Step 1: Find the coordinates of D.

The midpoint D of AB is given by:

\(D = \left( \frac{1 + 9}{2}, \frac{3 + (-1)}{2} \right) = (5, 1)\)

Step 2: Write an equation for CD² = 20.

The distance squared from C to D is:

\((x - 5)^2 + (y - 1)^2 = 20\)

Step 3: Find an equation for AC = BC and simplify.

The distances squared are:

\((x - 1)^2 + (y - 3)^2 = (x - 9)^2 + (y + 1)^2\)

Expanding both sides:

\(x^2 - 2x + 1 + y^2 - 6y + 9 = x^2 - 18x + 81 + y^2 + 2y + 1\)

Simplifying gives:

\(-2x - 6y + 10 = -18x + 2y + 82\)

\(16x - 8y = 72\)

\(y = 2x - 9\)

Step 4: Find the possible coordinates of C.

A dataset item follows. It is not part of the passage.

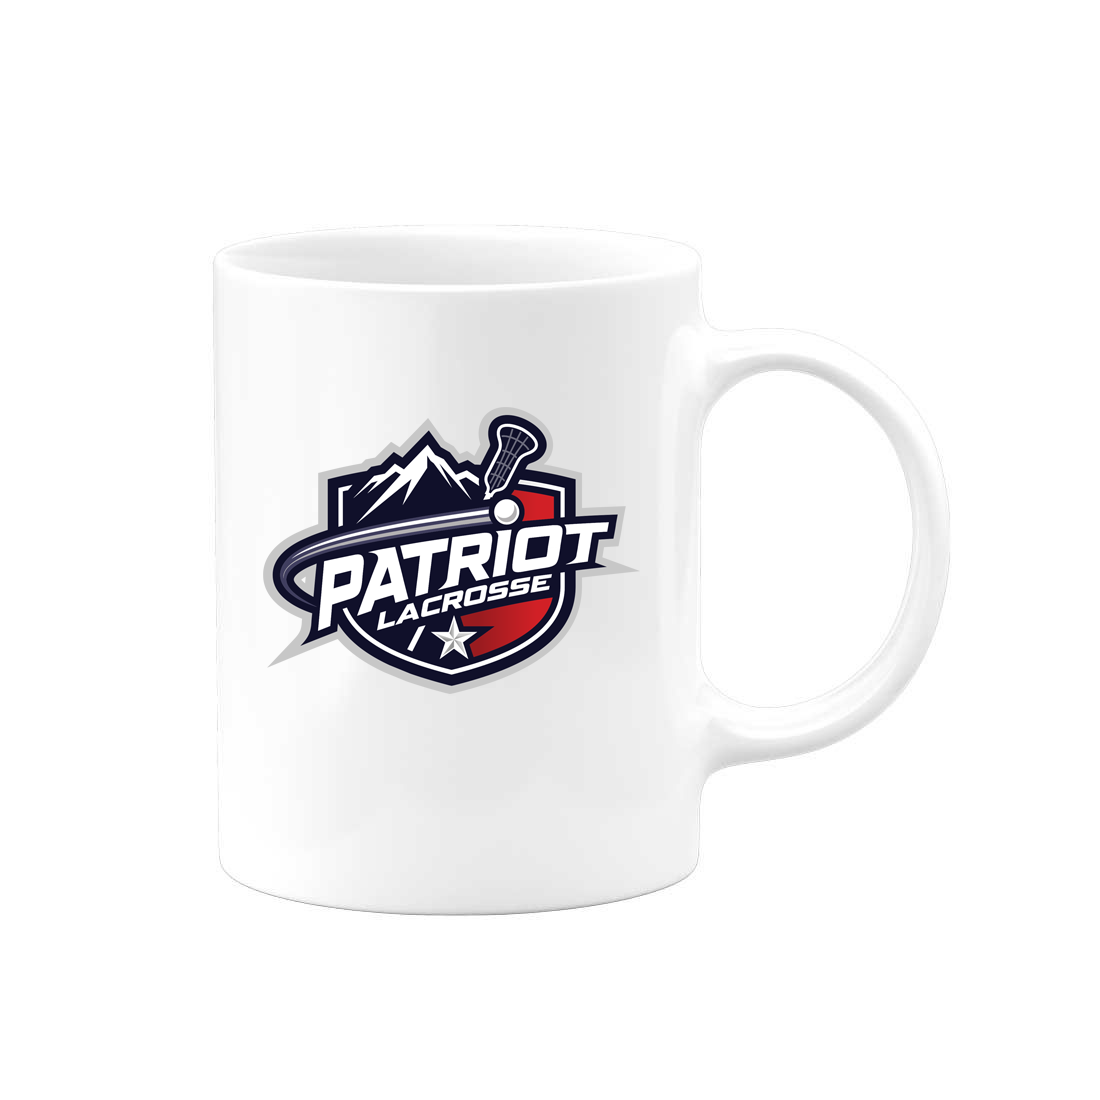 Patriot Lacrosse Team Mug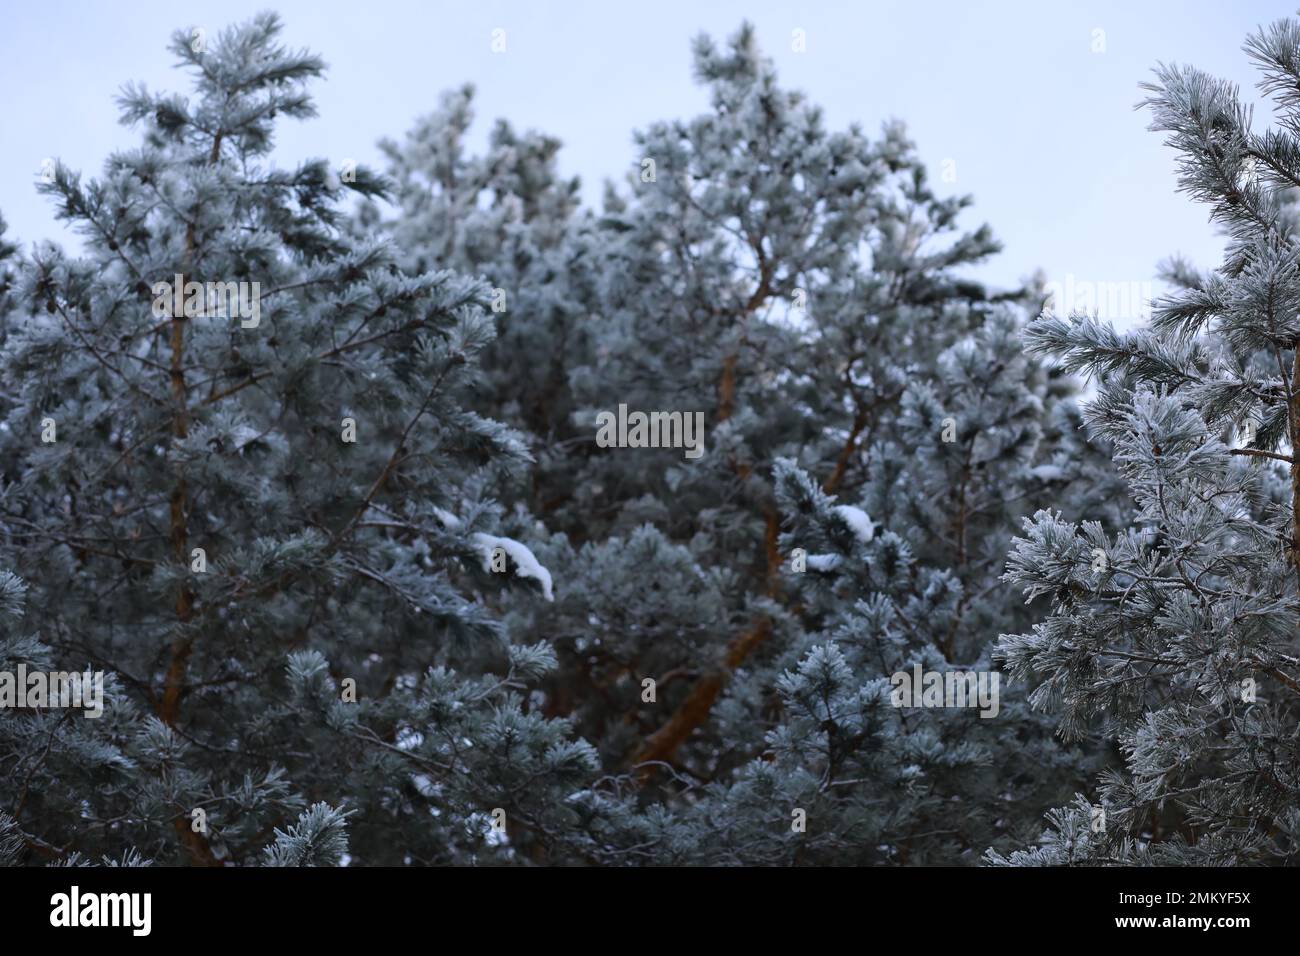 Neige blanche sur des branches d'arbres nus lors d'une journée hivernale glacielle, gros plan. Arrière-plan naturel. Fond botanique sélectif. Photo de haute qualité Banque D'Images

Substitute \(y = 2x - 9\) into \((x - 5)^2 + (y - 1)^2 = 20\):

\((x - 5)^2 + (2x - 10)^2 = 20\)

\((x - 5)^2 + (2x - 10)^2 = 20\)

\(5x^2 - 50x + 105 = 0\)

Solving gives \(x = 3\) or \(x = 7\).

For \(x = 3\), \(y = 2(3) - 9 = -3\).

For \(x = 7\), \(y = 2(7) - 9 = 5\).

Thus, the possible coordinates of C are (3, -3) and (7, 5).